Github repository for the project "Disaster Response Pipeline" of the Udacity Data Scientist Nanodegree
The project analyzes messages that are sent by individuals who are affected by disasters. It uses machine learning techniques in order to categorize them into relevant categories. This categorisation can be used by Disaster relief organizations to efficiently respond to the needs of those affected by the disaster.
The raw data is contained in 2 .csv files. The messages.csv file contains the following columns:
- Id: A unique ID for each message
- message: an english translation of the message (if applicable)
- original: the original text of the message
- genre: the type of message, for example a direct message or a news article
The categories.csv file contains the following columns:
- Id: A unique ID for each messages
- categories: a string that contains a pre existing classification of the message into on or more of the 36 categories
The single string of the "categories" column is split up into 36 columns that either contain a "1" or "0" decoding whether or not the message belongs to that category. Then a single dataframe is created. Some data cleaning is necessary, in particular:
- The data set contains some duplicates. They have been removed.

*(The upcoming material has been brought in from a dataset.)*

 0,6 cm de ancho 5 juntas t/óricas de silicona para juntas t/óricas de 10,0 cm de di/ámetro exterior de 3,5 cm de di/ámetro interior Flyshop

- The category classification contains some "2" values, which are likely typos. They have been removed.
The cleaned dataframe is stored in a SQL table for later use. This process is automated into an ETL pipeline.
The raw data is in form of natural language. It is processed using the following data pipeline:
- Feature Creation/Transformation:
- Text is tokenized and lemmatized using the NLTK library
- Text is analyzed using TF-IDF
- Prediction
- A model is trained and evaluated in a test-train-split
- Different models are used and evaluated according to their f1 scores, precision and recall
- Crossvalidation is used to select the final model / paremeters. The canidate models include
- Random forest
- K-nearest Neighbours
This ML pipeline is stored and the final model is exported.
The model training may take a long time to complete through the amount of folds in the cross validation and the size of the dataset!
The final model that performed best is a RandomForest Classifier. The best model was selected according to a weighted f1scores over the 36 categories that are to be classified. The weighted f1score of the best performing model is 0.57
The final model from the modelling section is used to deploy a web app using Python as a back end. Flask, json and plotly are used to connect and create a front end. Several template for this are provided by Udacity and used in the project.
-
Run the following commands in the project's root directory to set up your database and model.
- To run ETL pipeline that cleans data and stores in database
python data/process_data.py data/disaster_messages.csv data/disaster_categories.csv data/DisasterResponse.db
- To run ML pipeline that trains classifier and saves
python models/train_classifier.py data/DisasterResponse.db models/classifier.pklcls
- To run ETL pipeline that cleans data and stores in database
-
Run the following command in the app's directory to run your web app.
python run.py
-
Go to http://0.0.0.0:3001/
README.MD: Readme file
create_wordcloud.py: Python script to create the wordcloud image for the website
categories_example.png: Example picture for categories data
messages_example.png: Example picture for messages data
run.py: python script to deploy the website through flask
wordcloud.png: wordcloud picture for the website
go.html: template created by udacity to use in the project
master.html: templace created by udacity to use in the project
disaster_categories.csv: .csv file with categories
disaster_messages: .csv file with messages
DisasterResponse.db: SQL database with cleaned data
process_data.py: python script to load and clean data
train_classifier.py: python script to train and save model
classifier.pklcls: best model, careful, large file
.gitattributes: needed to score large file in github
- Packages used in the project:
- Pandas
- Numpy
- SQLAlchemy
- NLTK
- sklearn
- json
- plotly
- flask
- Data provided by Udacity as a part of the Data Scientist Nanodegree in coorperation with Figure Eight.